● **YOUR TASK**
Give back all of the data exactly, with every picture omitted.

● **DATA PROVIDED**
»»

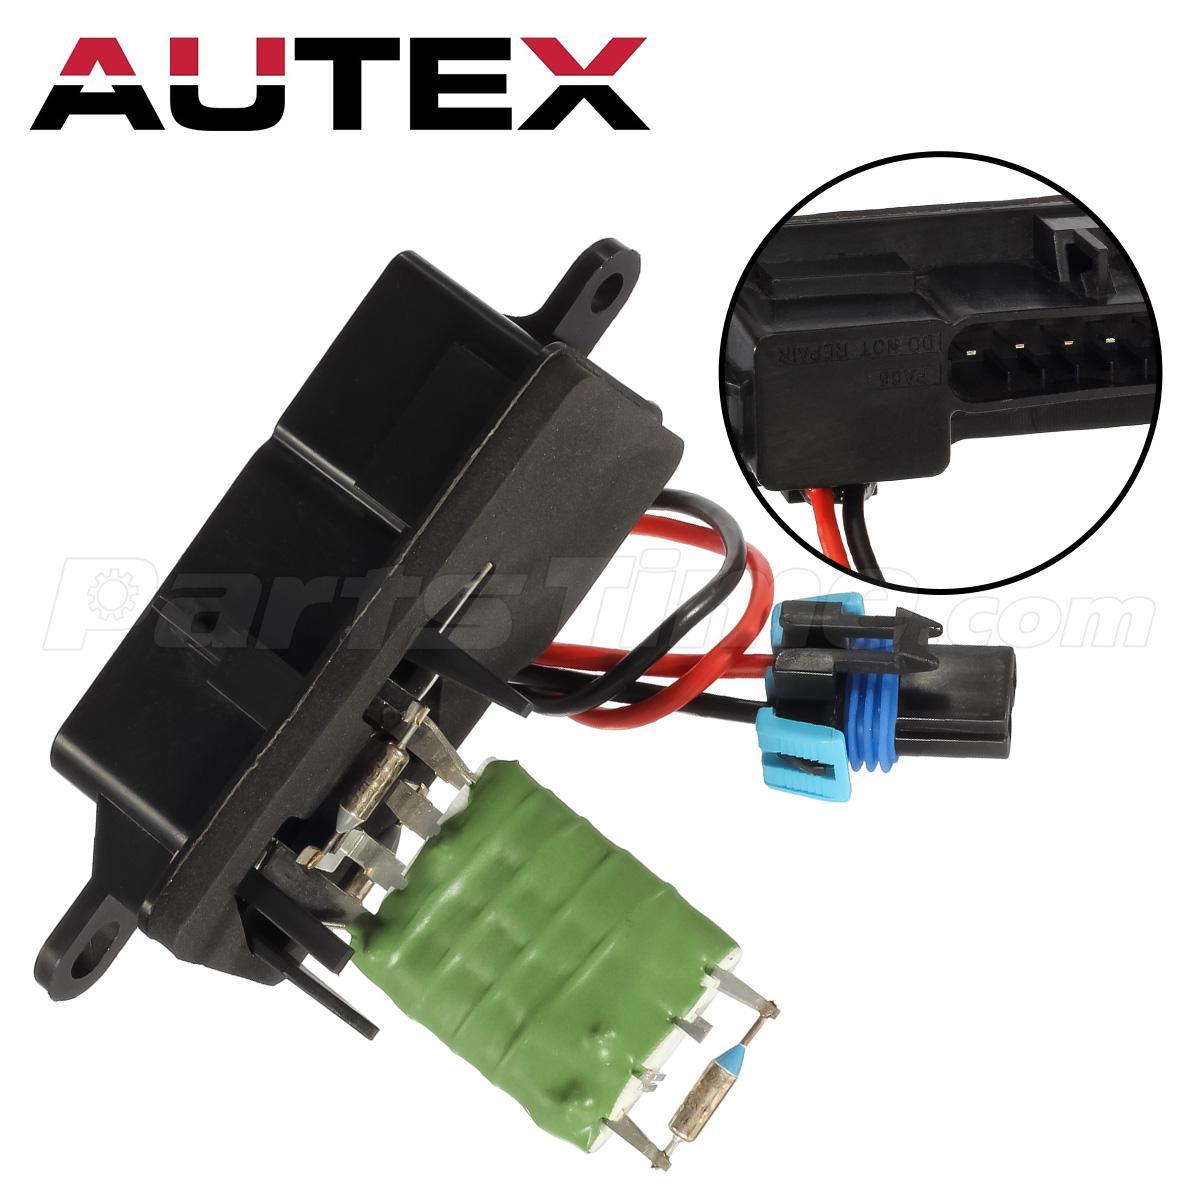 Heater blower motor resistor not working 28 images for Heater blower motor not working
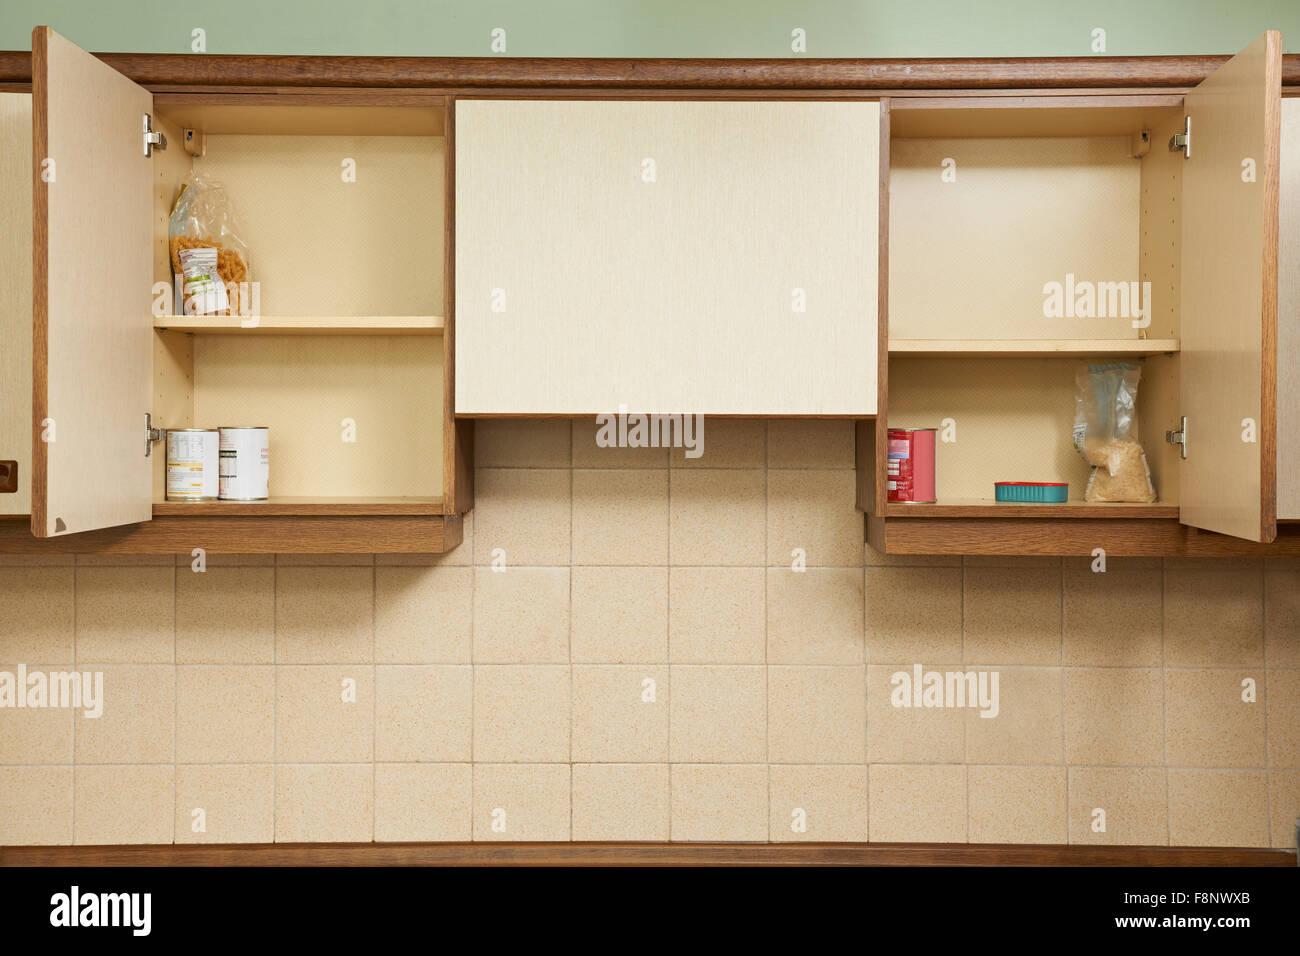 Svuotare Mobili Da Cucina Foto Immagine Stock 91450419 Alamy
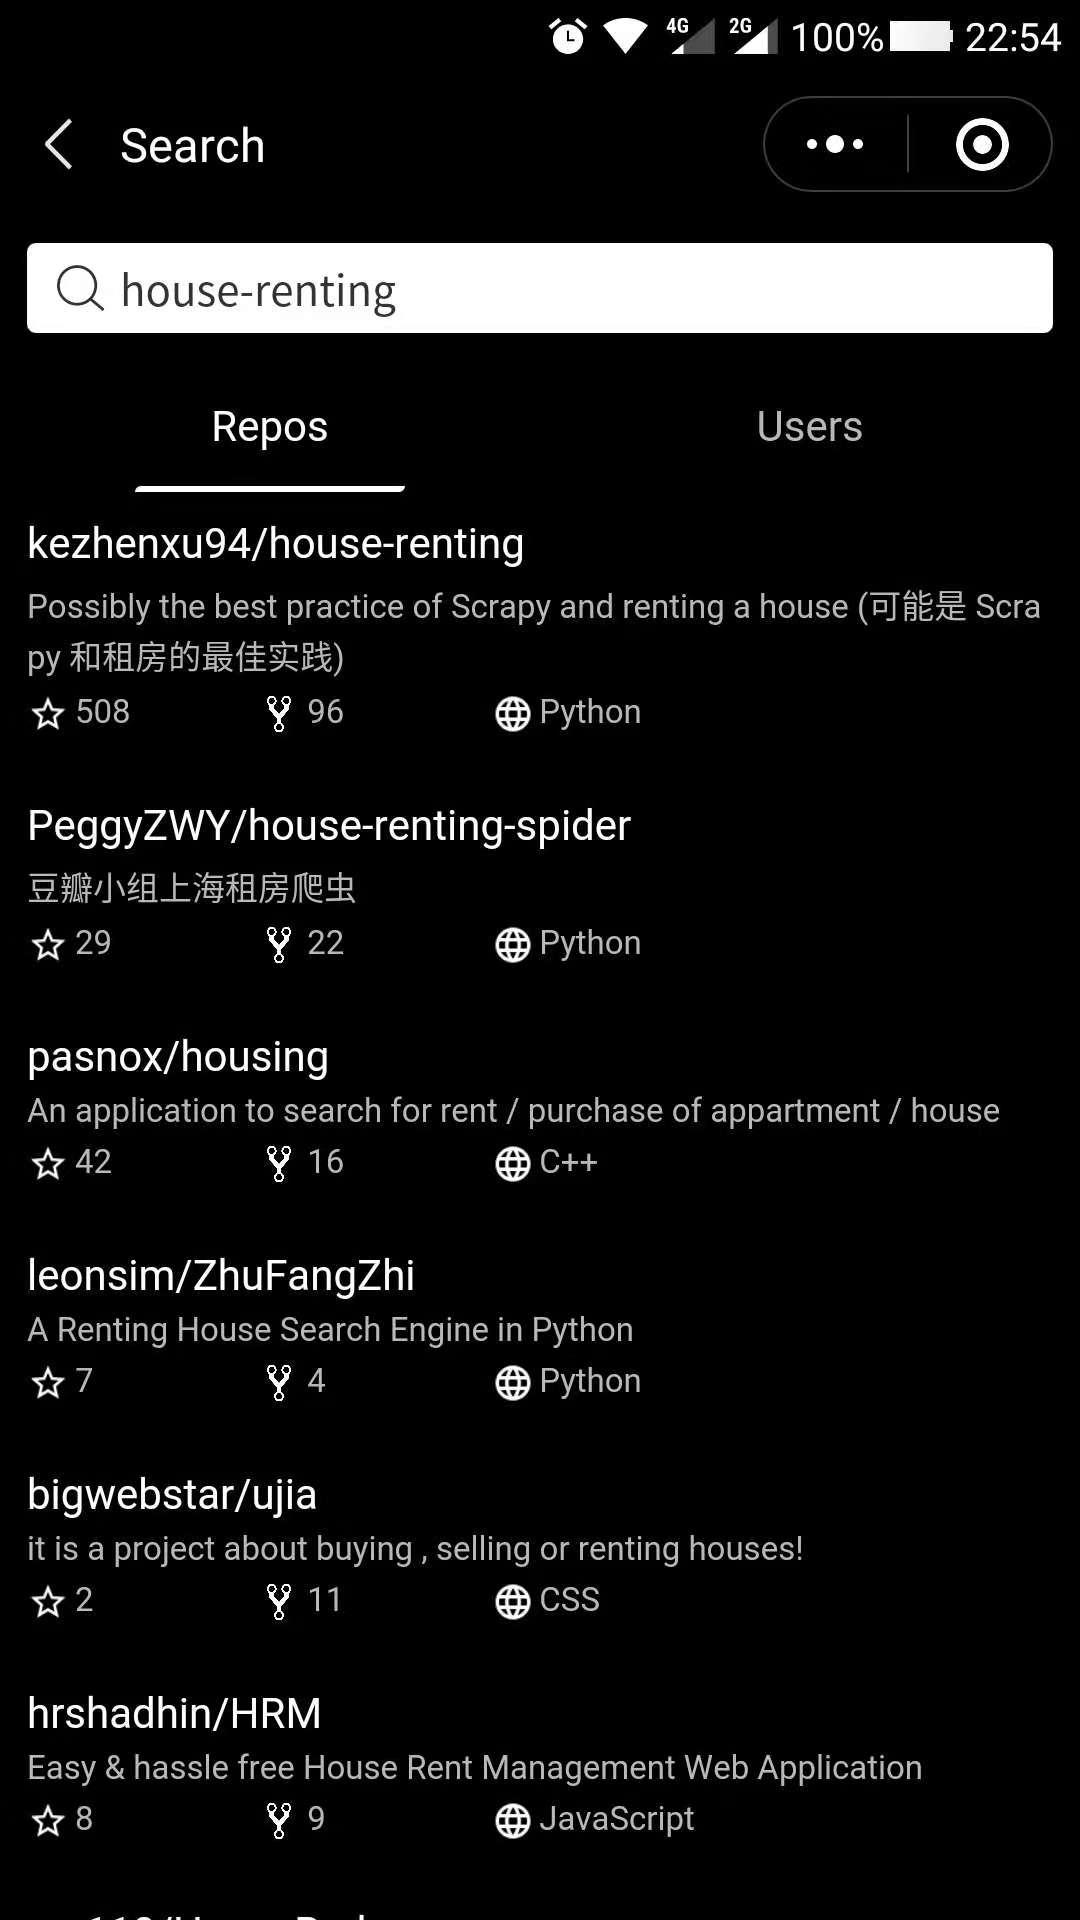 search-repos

««

● **RESPONSE BELOW**
 Heater blower motor resistor not working 28 images for Heater blower motor not working
 Svuotare Mobili Da Cucina Foto Immagine Stock 91450419 Alamy
 search-repos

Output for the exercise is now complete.